Work required |
Exact transcription of the data below is required, without the images.
---- Dataset excerpt
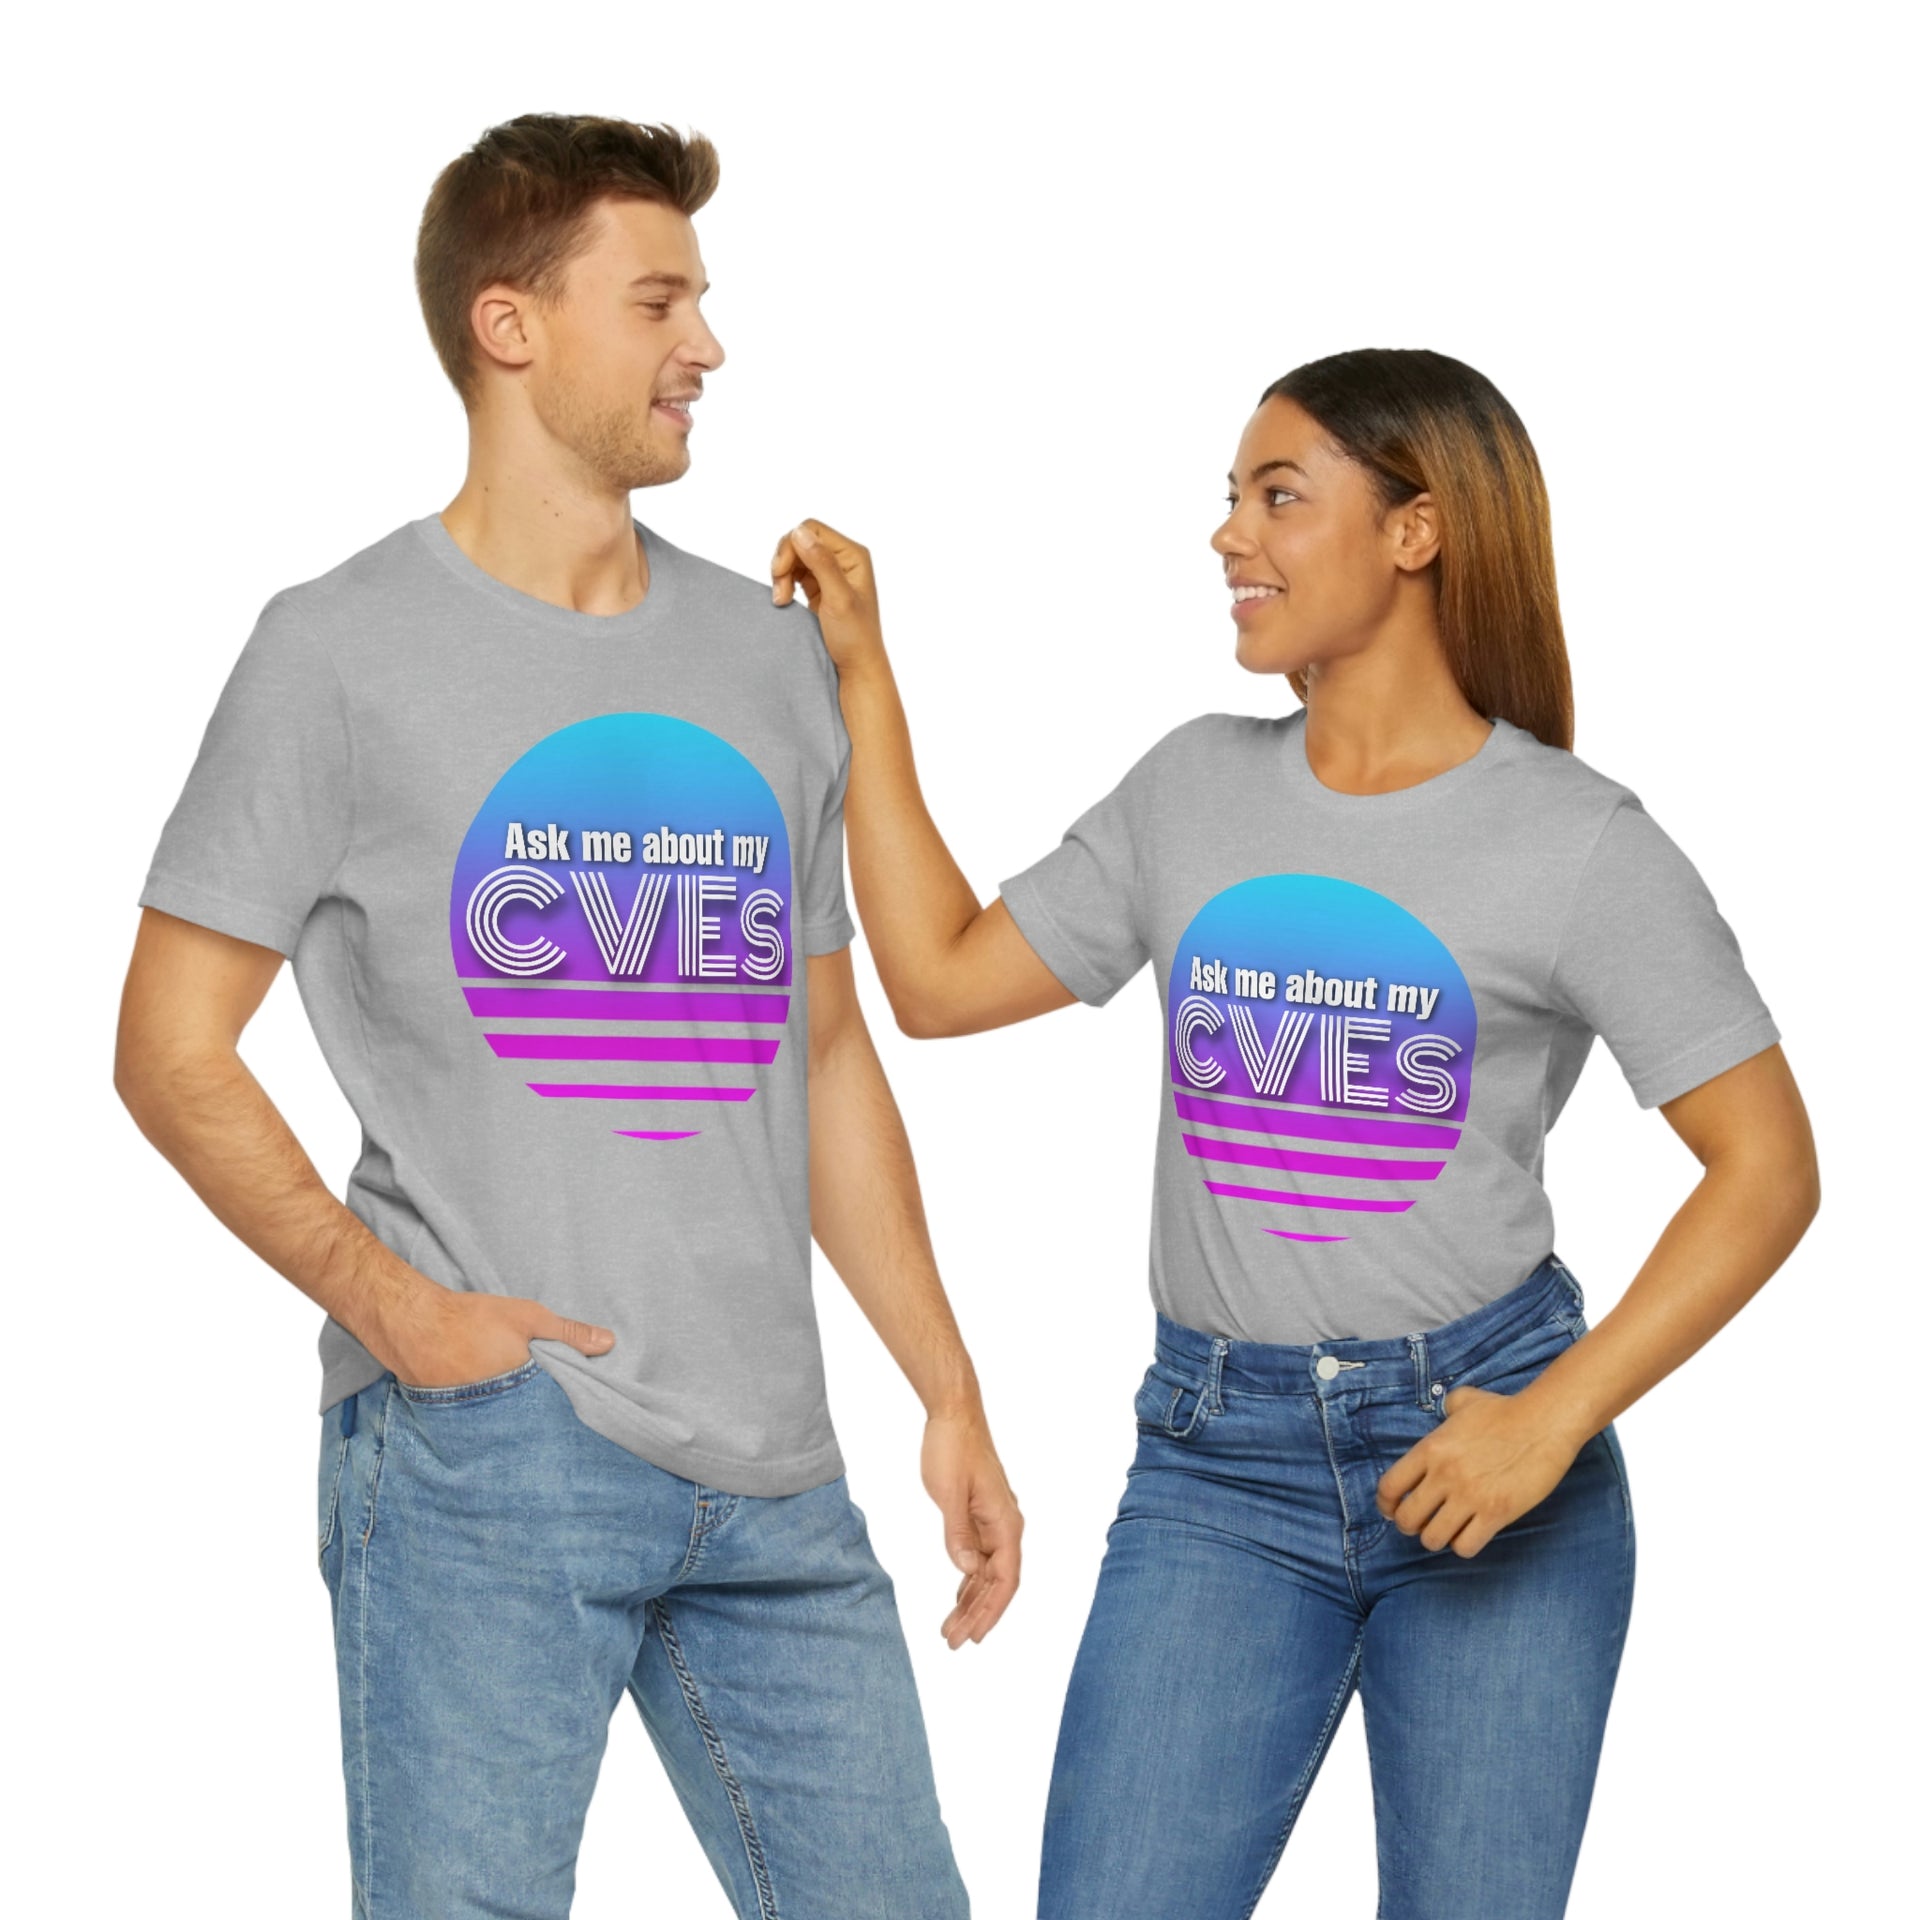 Ask about my CVEs Unisex Tee
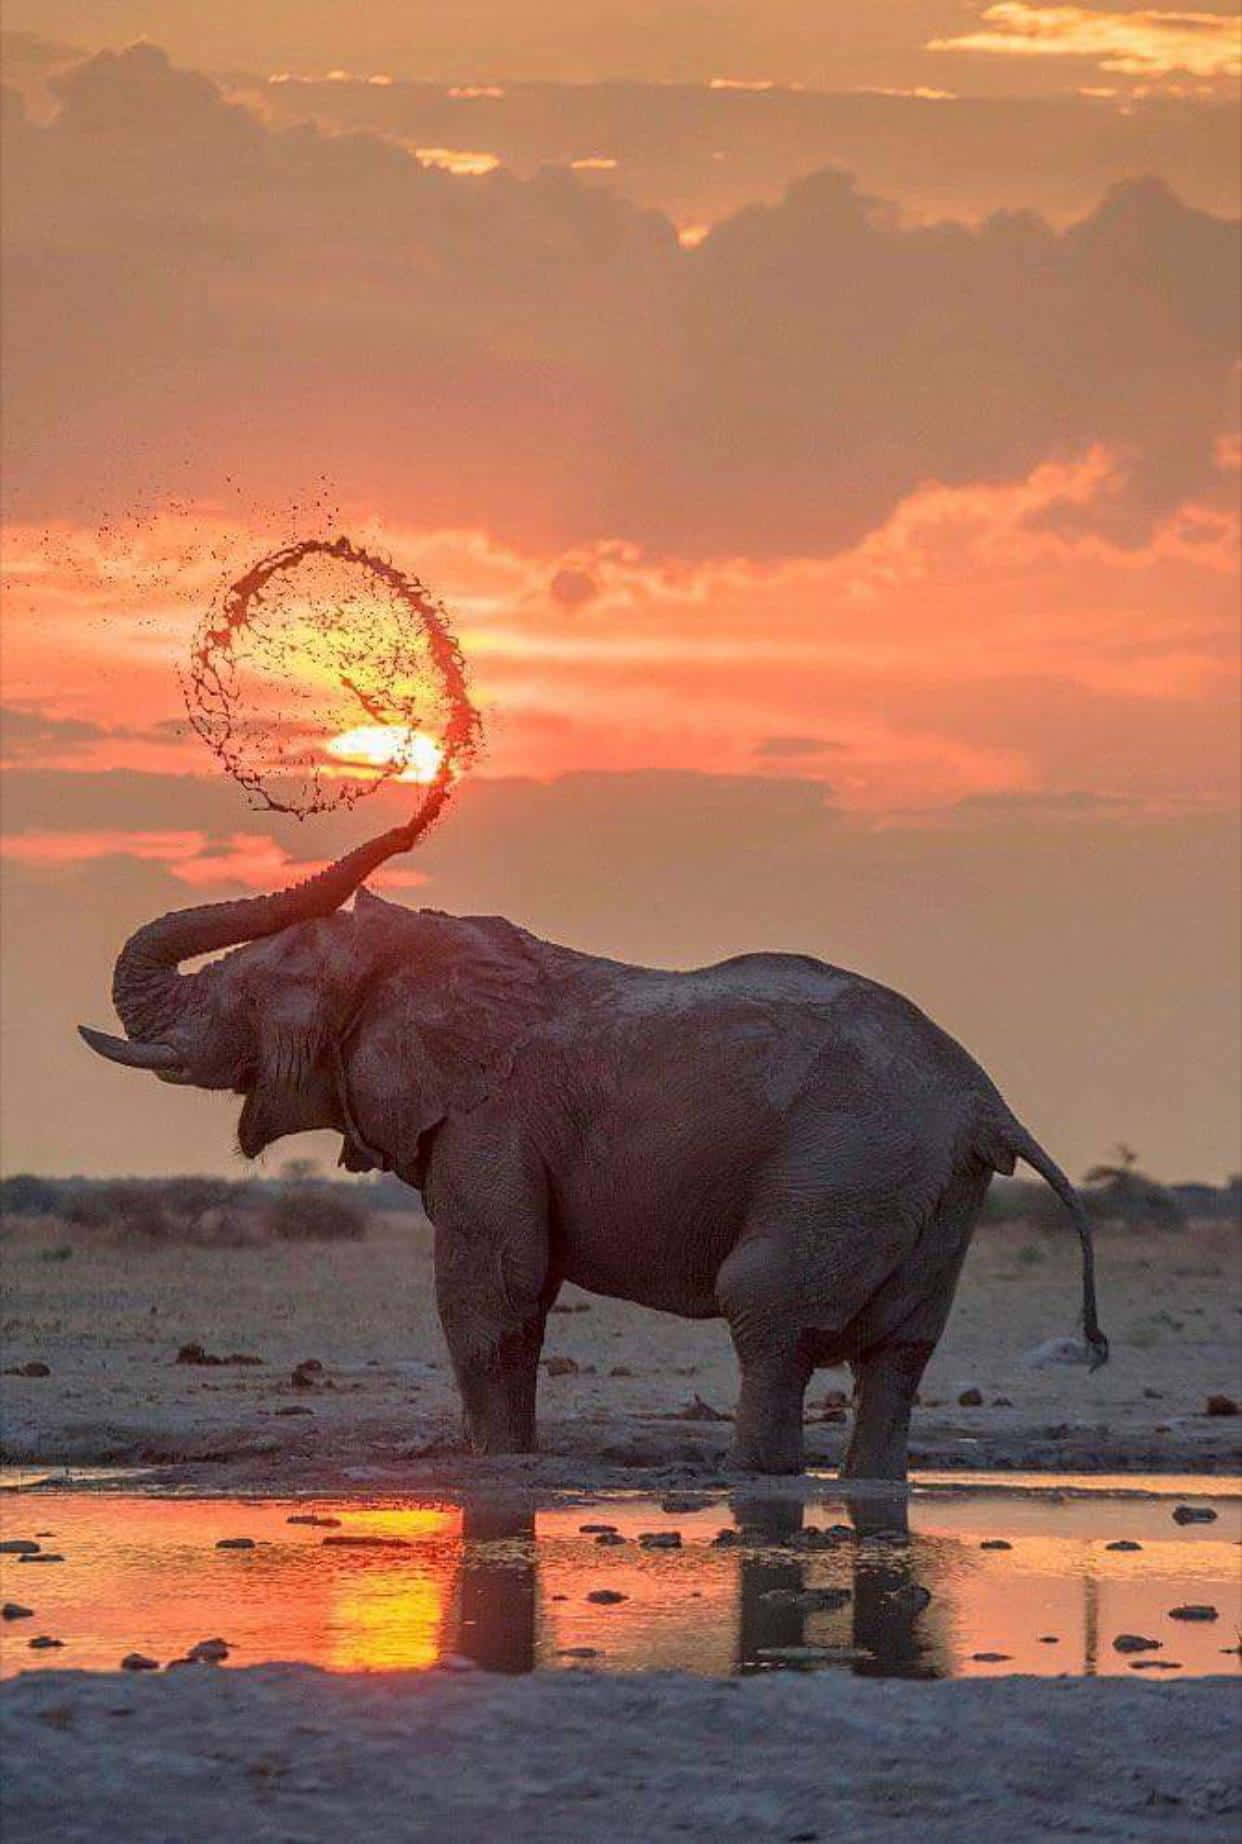 A magnificent elephant peacefully standing in the background
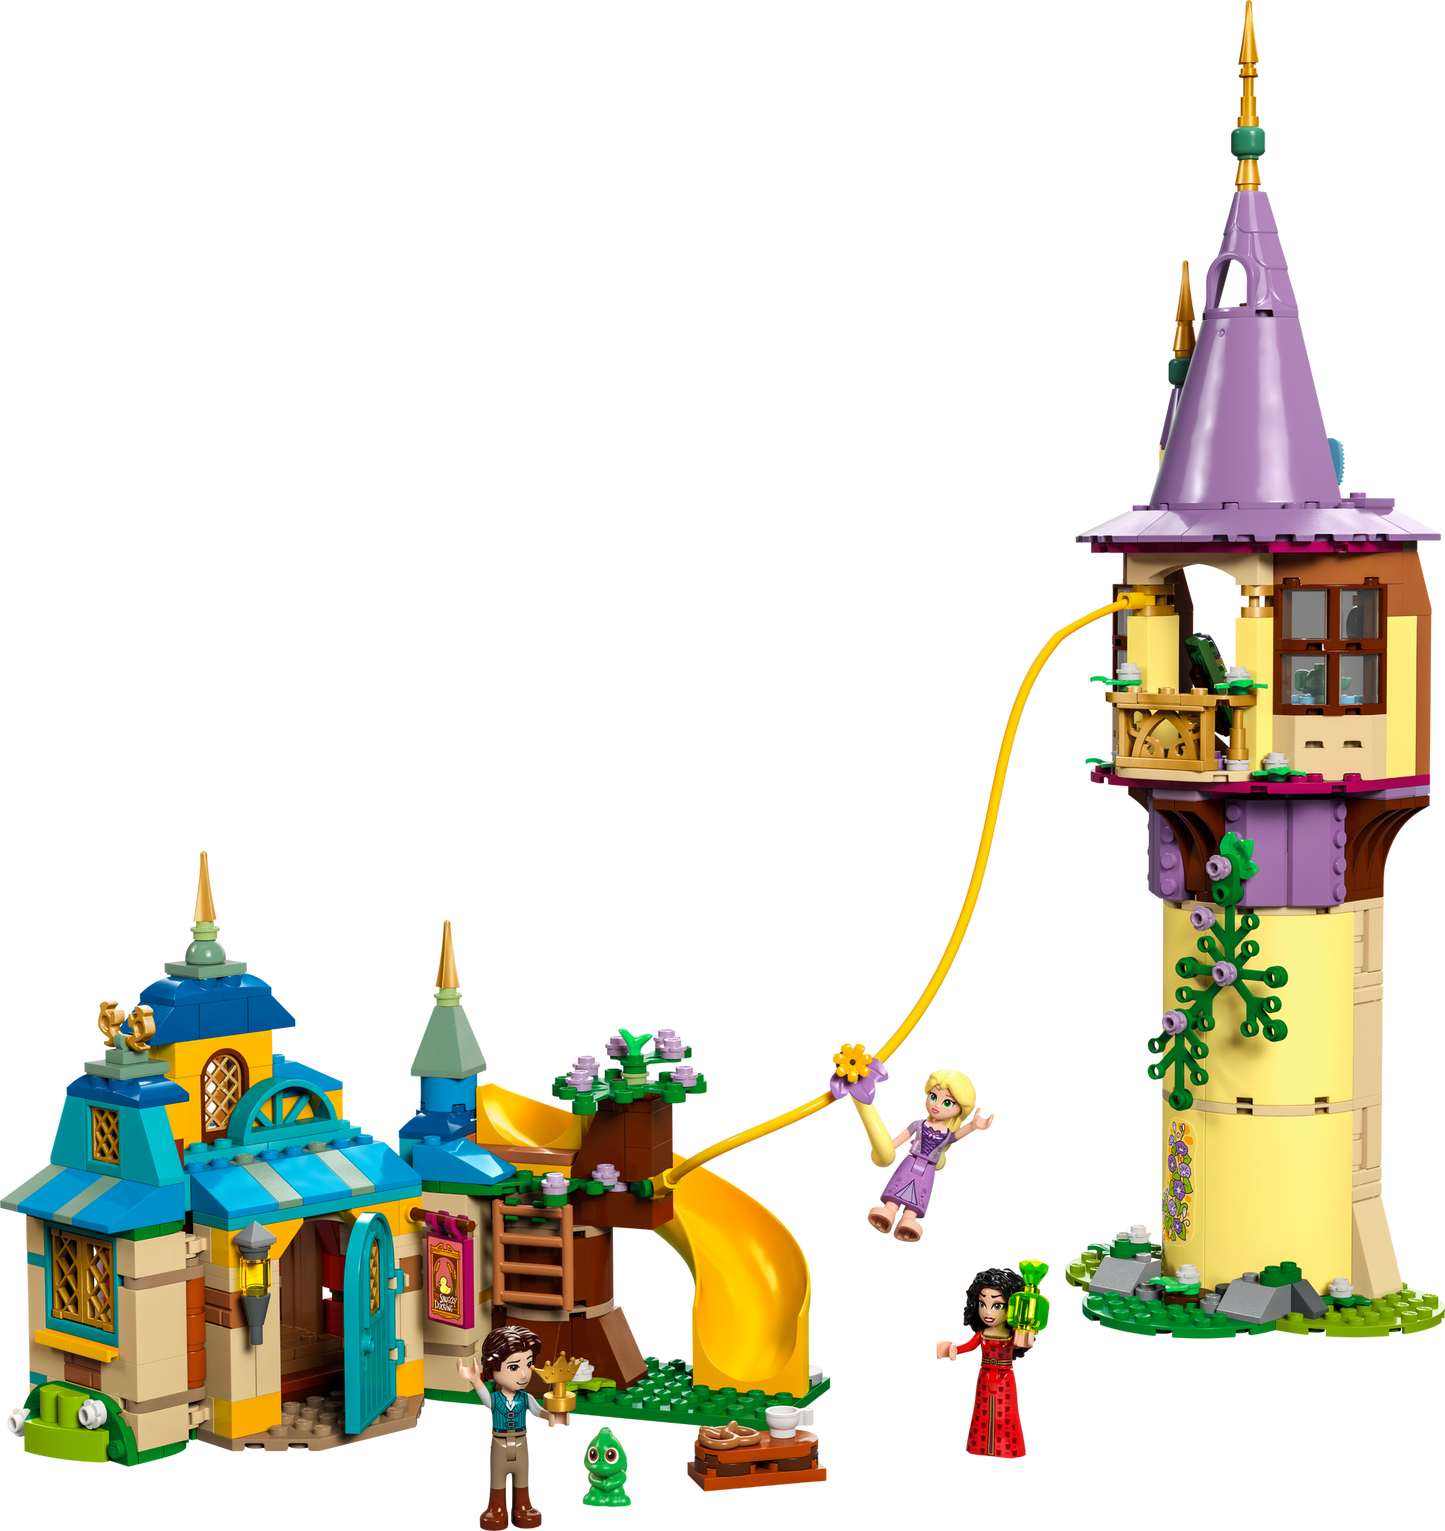 43241 Rapunzel's Tower & The Snuggly Duckling
--------
Answer section |
 Ask about my CVEs Unisex Tee
 A magnificent elephant peacefully standing in the background
 43241 Rapunzel's Tower & The Snuggly Duckling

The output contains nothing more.